For the majority of economists, bank deposits are the form in which money is stored on the liabilities side of banks' balance sheets. Depending on the contractual agreement with the bank, the ownership of bank deposits grants its holder the right to transfer funds to another account, withdraw cash, or make a payment. This last point is made possible because the purchasing power contained in bank deposits conveys to its owner the ability to appropriate part of economic output.
All monetary aggregates held by the public, minus banknotes and coins, are stored in the form of bank deposits in commercial banks' ledgers. Monetary aggregates therefore differ in their degree of liquidity, but share a common form as bank deposits. While his- torically bank deposits took the form of ink on paper, modern banks keep track of their customers' balances with entirely computerized solutions, reducing the physical proper- ties of bank deposits to electronic impulses. The recent development of more efficient payment and settlement systems both within and between countries has helped to reduce transaction costs and settlement risks substantially.

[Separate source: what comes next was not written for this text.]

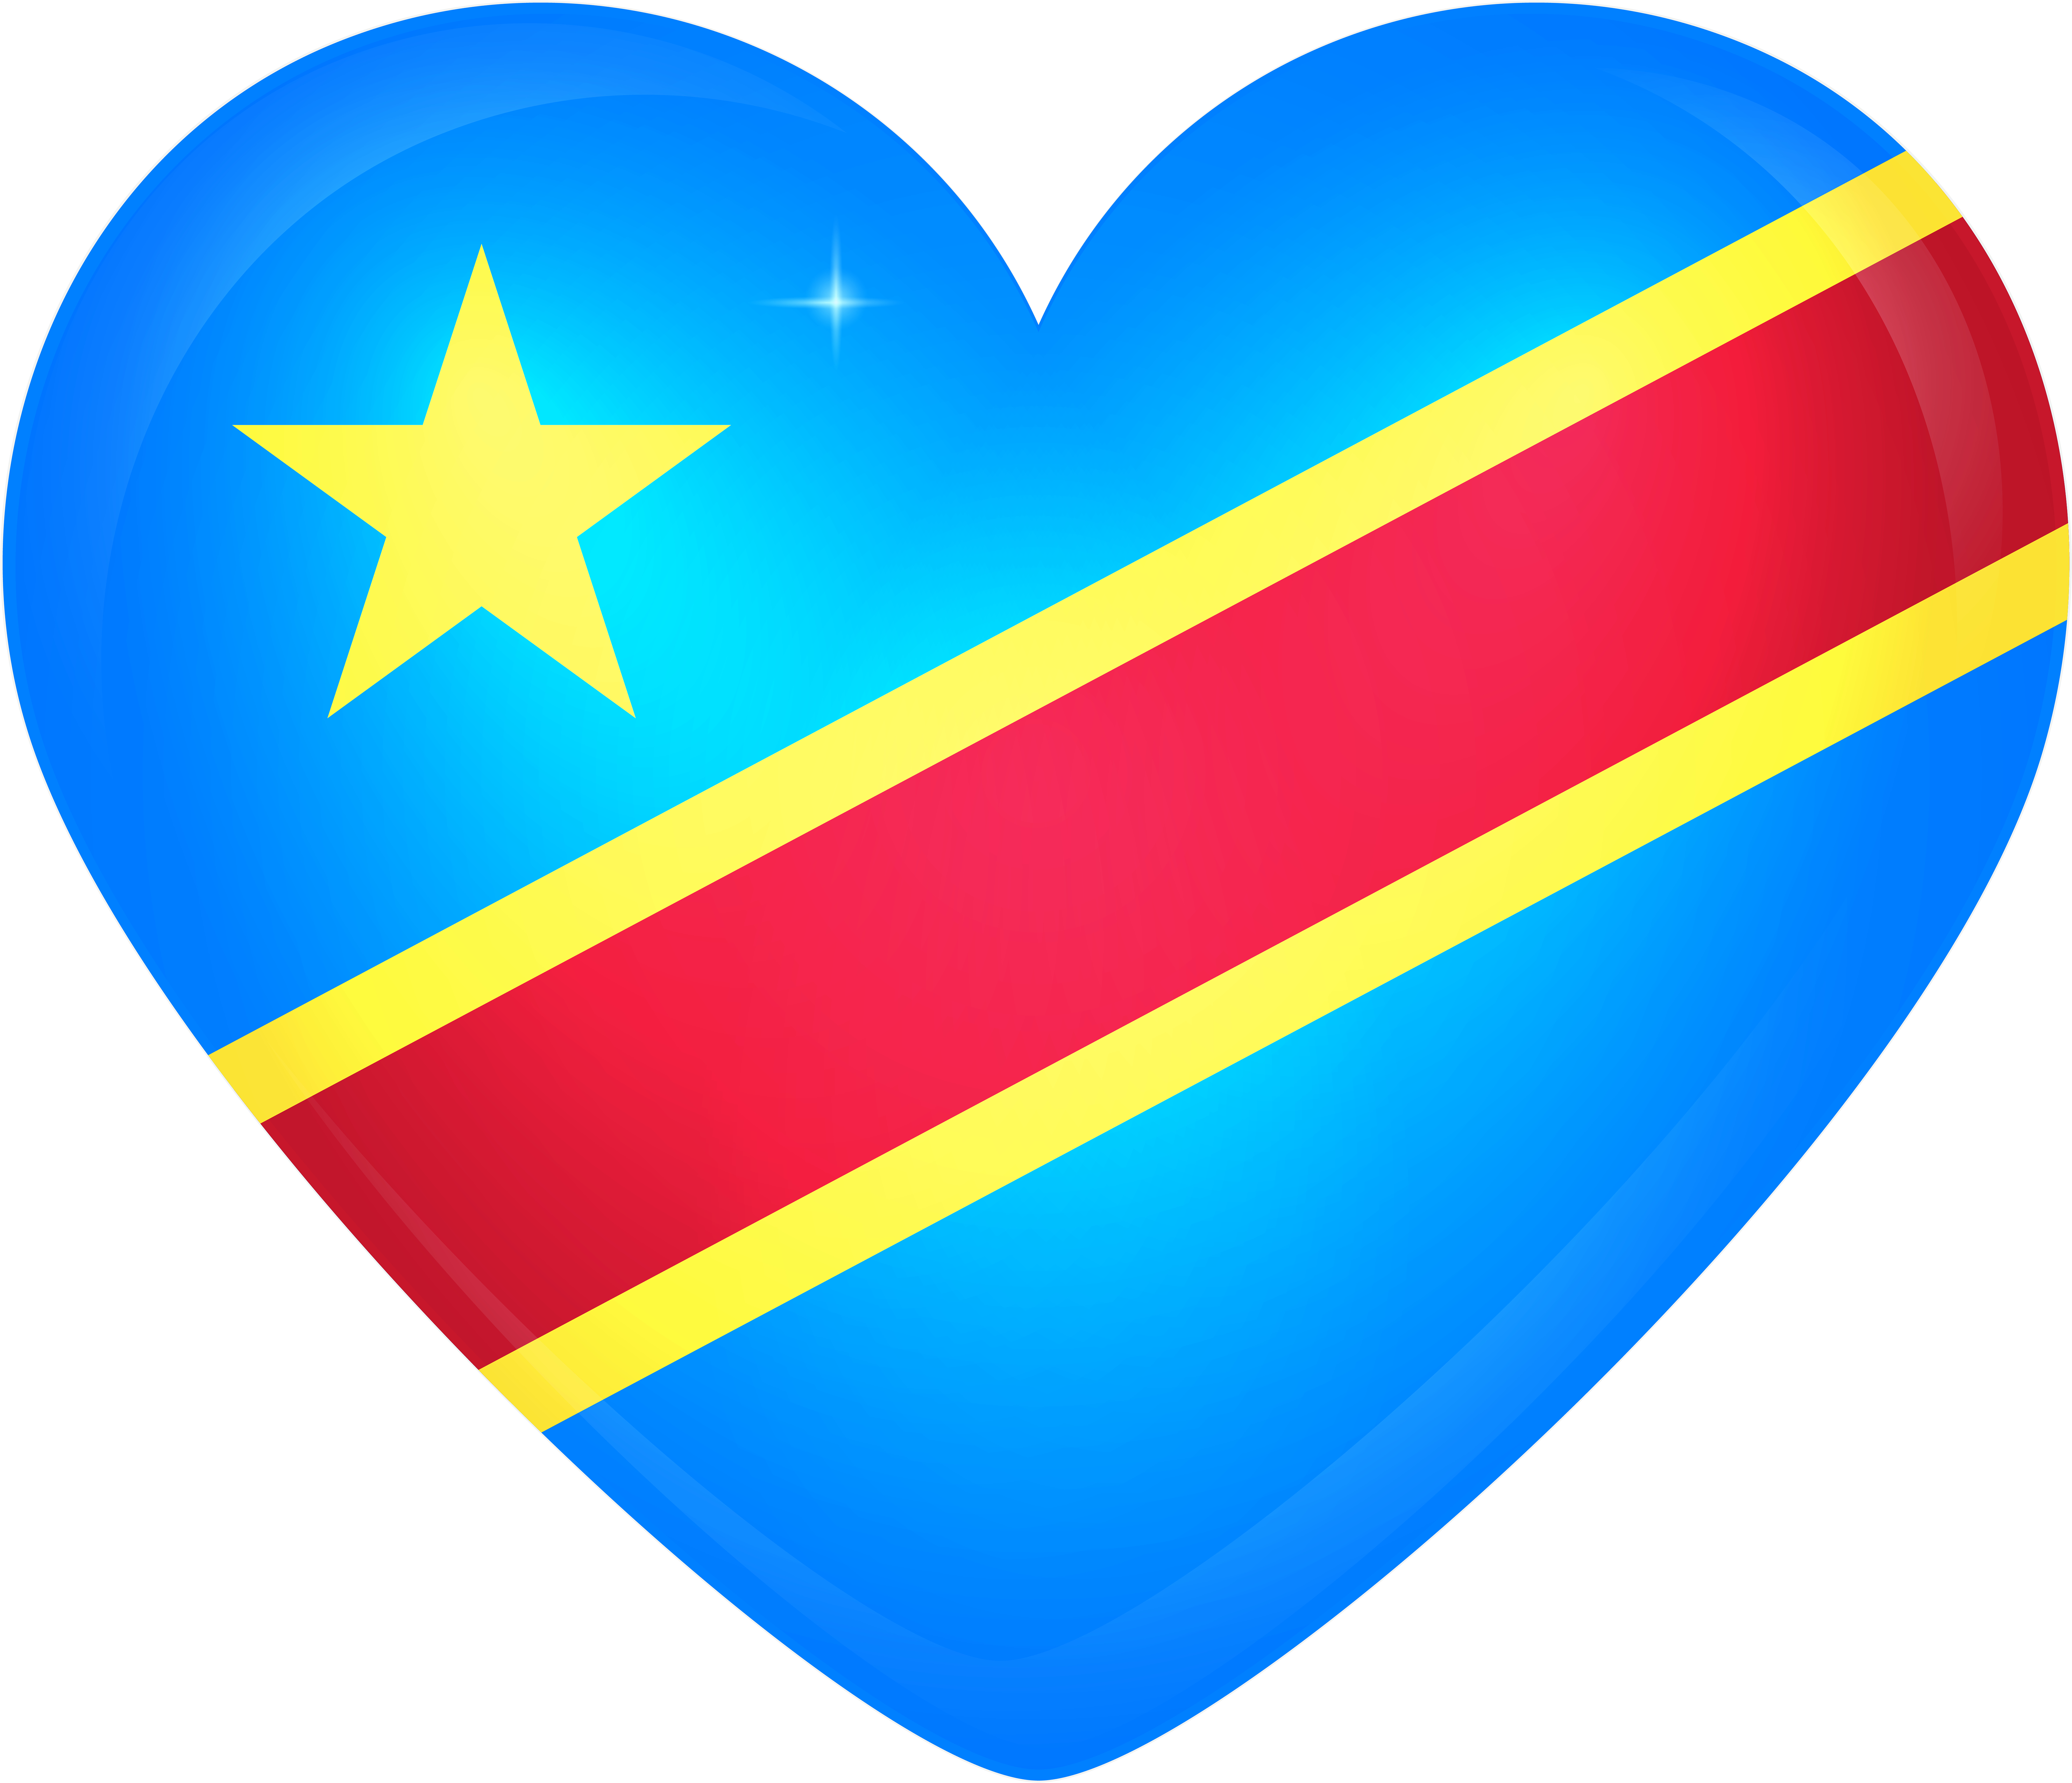 A Blue Heart With A Red Stripe And A Yellow Star

While income is stored in the form of bank deposits, not all bank deposits contain income. Saving, which is income that is not consumed, is the difference between Gross Domestic Product (GDP) and consumption. According to national income accounting, the total value of goods and services is identical to the income generated within a period of time. From this it directly follows that only those bank deposits that are created along- side production of new economic output contain money income. The amount of bank deposits usually greatly exceeds the amount of saving at any given point in time. As of today, however, there is no way for banks or their customers to know which bank deposits contain income.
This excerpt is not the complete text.